- _EXERCISE DETAILS_:
There is one span to output from the data below: the lines starting at the line with "When Street Art" and ending at the line with "#art #arte #graffiti". Output it exactly, ends included, nothing more.

- _AVAILABLE RECORDS_:
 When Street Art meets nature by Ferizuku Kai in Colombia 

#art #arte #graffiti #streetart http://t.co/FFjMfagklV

...

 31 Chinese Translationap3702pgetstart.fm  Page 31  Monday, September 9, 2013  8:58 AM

==

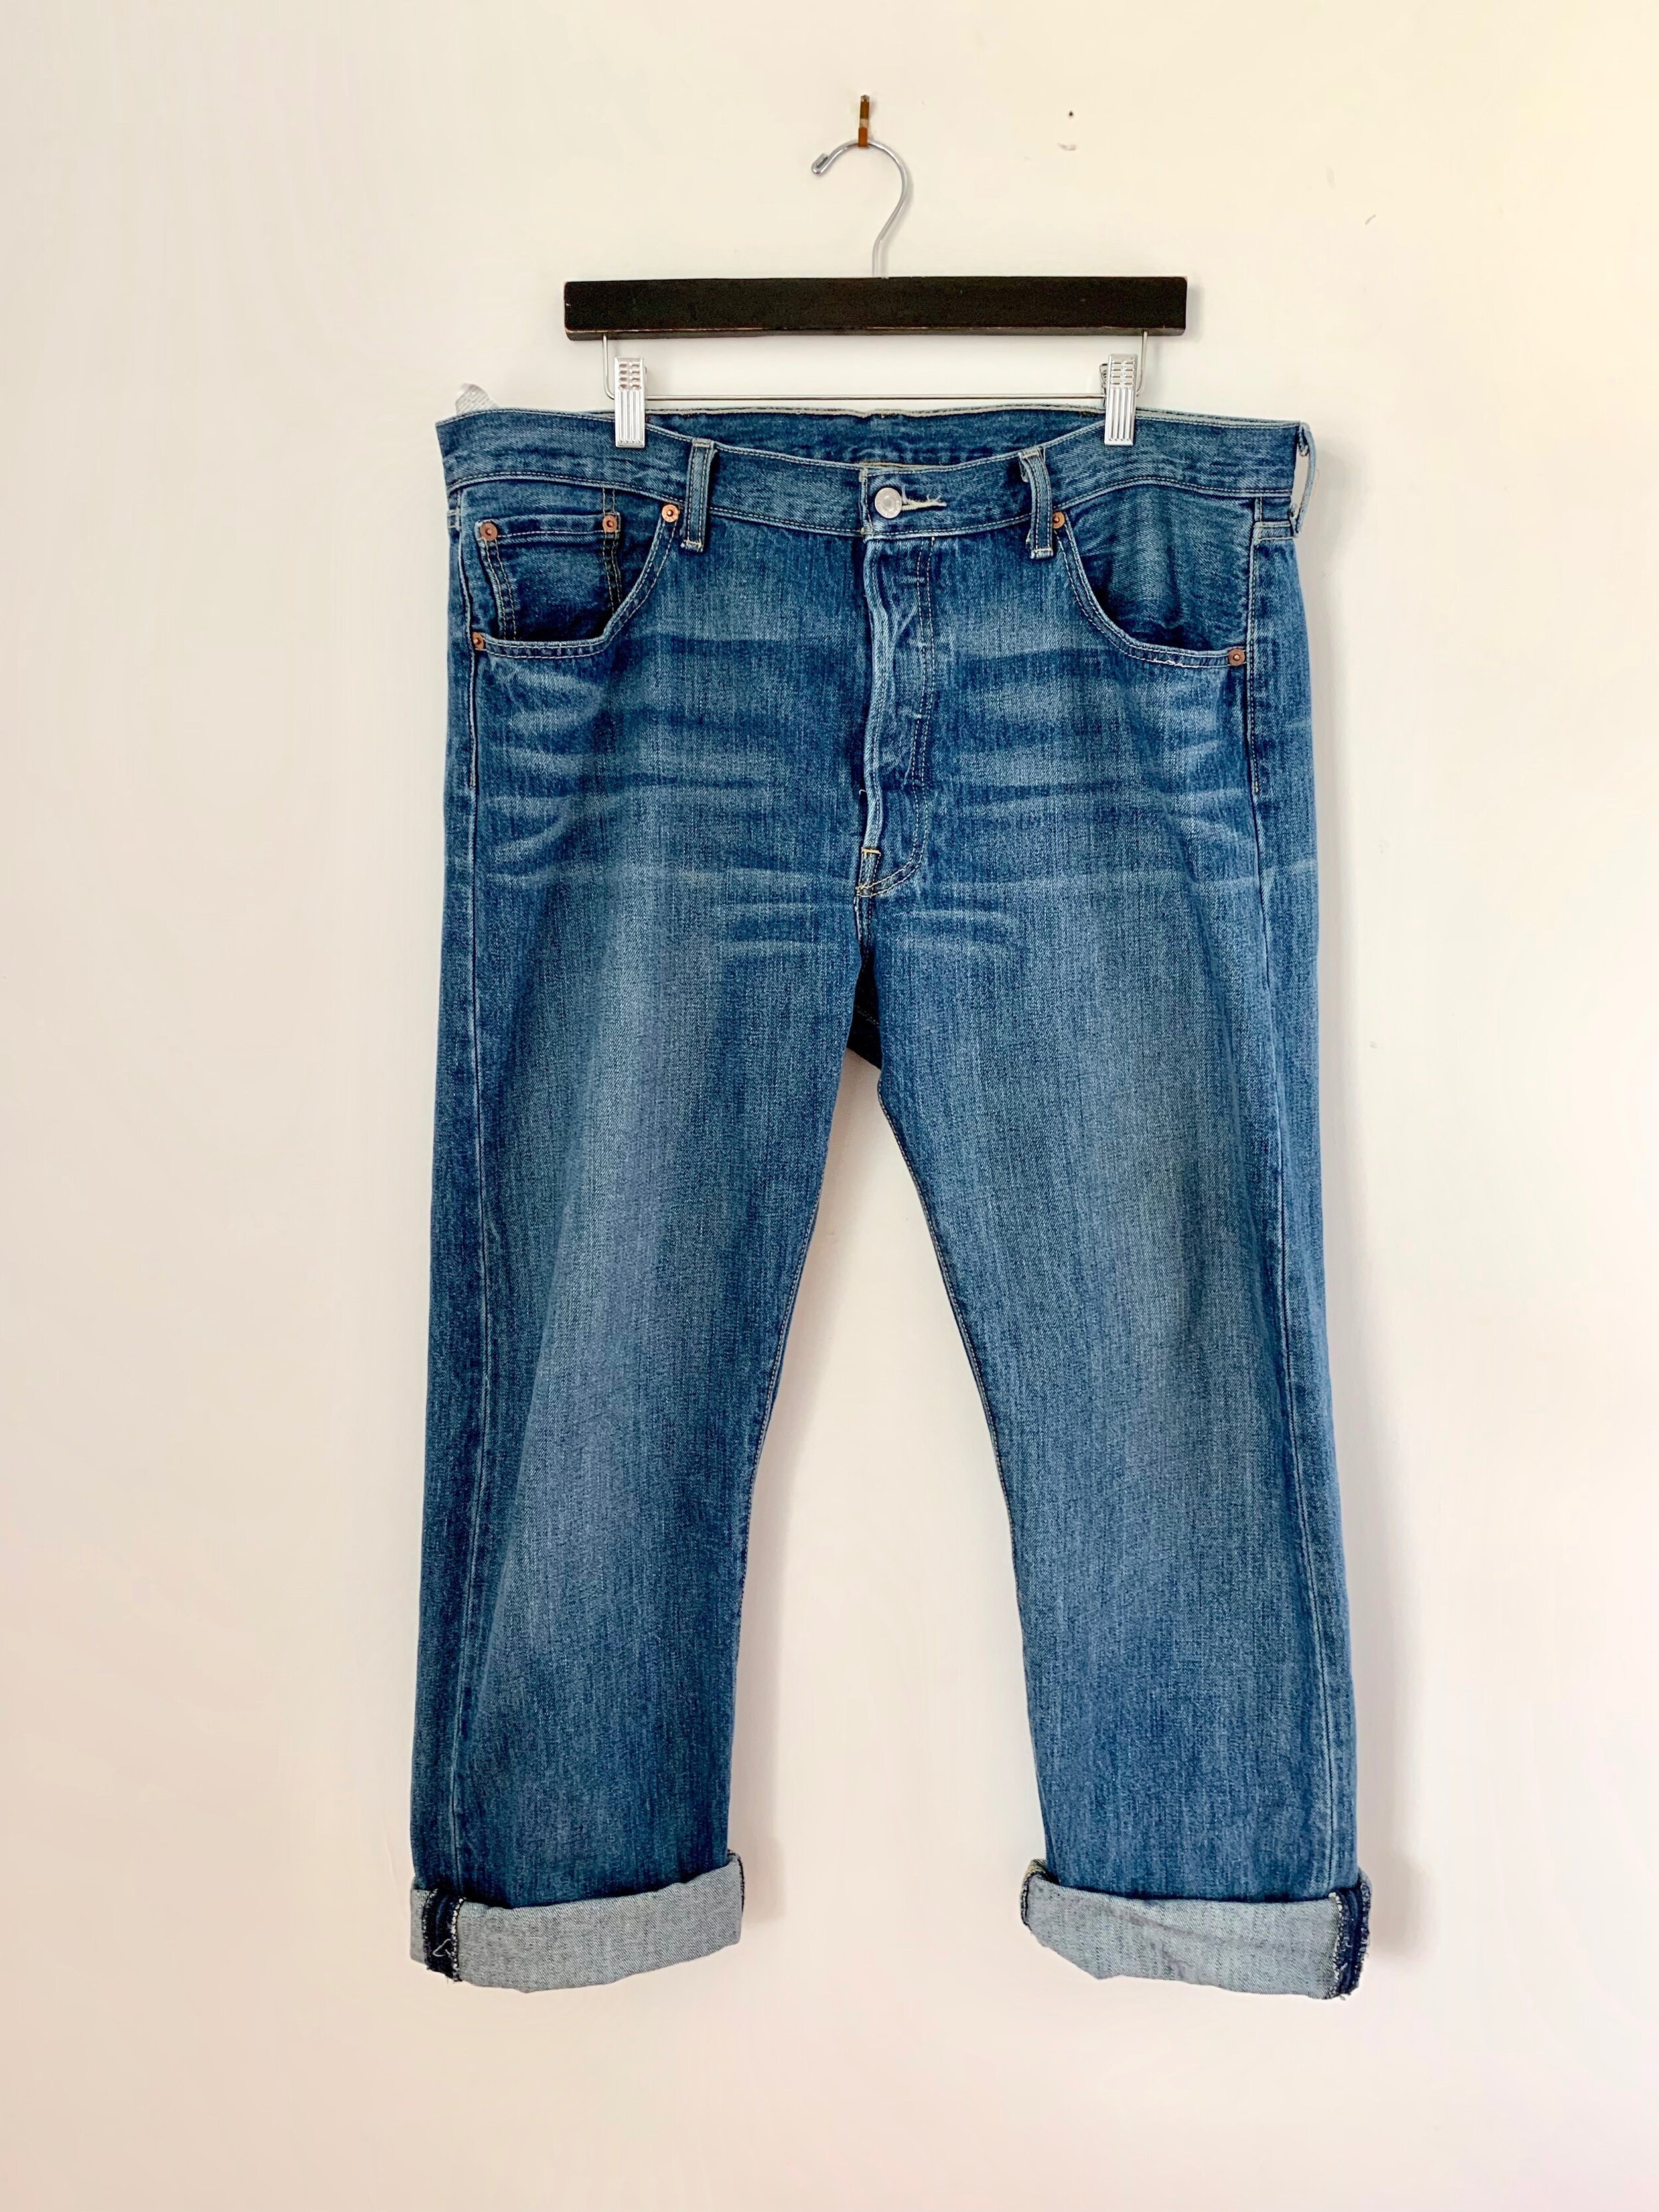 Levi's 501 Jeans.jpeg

- _REPLY TO THE TASK_:
 When Street Art meets nature by Ferizuku Kai in Colombia 

#art #arte #graffiti #streetart http://t.co/FFjMfagklV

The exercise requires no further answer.